I gave a huff of relief,
not too loud, I hope, relieved
to know a change was coming
from all those idiot game shows,
the volume turned to headache pitch,
the old man’s droop-lobed ears
even weaker, I guess, than mine.

I lay there fettered: oxygen hose,
monitor, saline IV.
I’d had some chest pains that morning.
Three drawings of blood, all hours apart,
were apparently needed to prove
I’d suffered no incident.
And so, worse luck, I was going to be stuck
for a night with this poor old guy.
The daughter kept saying, “Be patient.”
He’d been in that room for over a month.

So the two of us watched the baseball,
the Sox getting by on breaks,
passed balls and bloops and walks, and squeaking
a victory out in the ninth.
We whooped until he coughed
so hard I rang my buzzer.
A nurse came in and frowned and pinned him.

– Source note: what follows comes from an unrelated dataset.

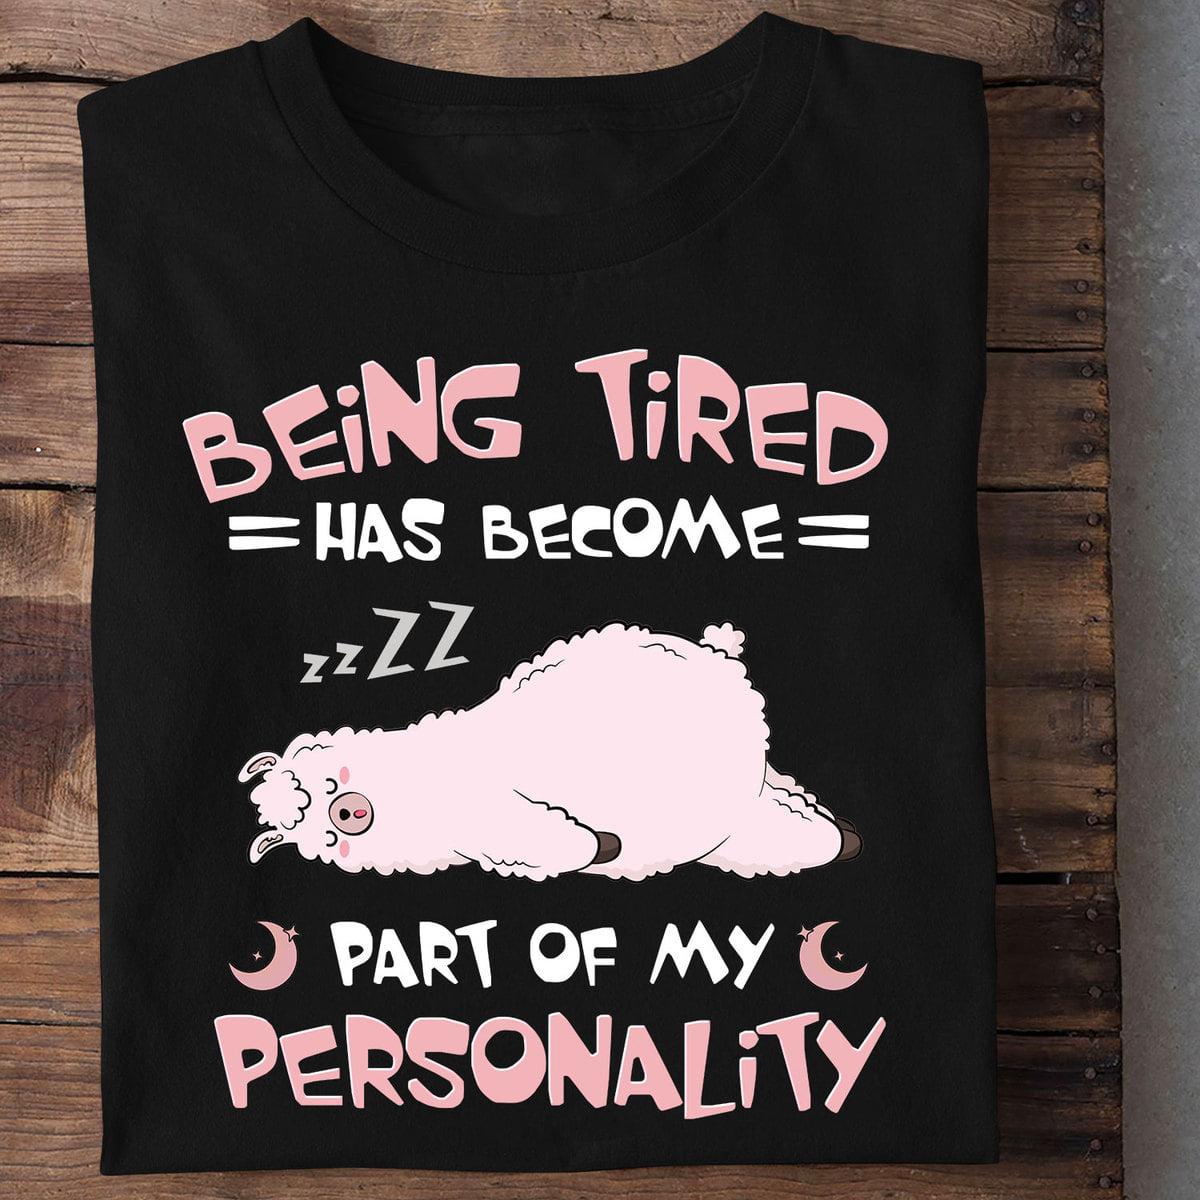 Being tired has become part of my personality - Sleeping white Llama, Being tired Llama

He choked down a potion that killed
the hack, then fell asleep.
But all night he’d jerk awake and shout,
“Is anybody out there?”
How long can a man be patient?
I wasn’t one to say. I’d be gone
early the following morning,
my diagnosis: heartburn.
Sprung at last, I’ve taken this hike
up a hands-and-knees ridge to rejoice

in a healthy heart. Yes, the world
appears suffused with a sort of grace.
There’s the scent of melting snow,
muddy soil, wet duff.
Gray frogs chortle from vernal pools,
the freshets tinkle downhill,
woodpeckers rattle the air,

new growth festoons the tips of boughs,
and sky is far more vivid
than what we call sky-blue.
 So why on earth should I think about cribbage?
No matter. I wouldn’t set out
before I looked it up–
research, old-style, in a reference book.
Reading, I heard gurneys jangle,
a PA, alarms that signaled
sad souls trying to get up from beds

that they were meant to stay in.
I hear that clamor now,
even these miles and hours away. 
Cribbage seems to have been invented
by John Suckling, near-forgotten
seventeenth-century writer and peer,
said to be “carefree and witty,”

features of poets called the Cavaliers.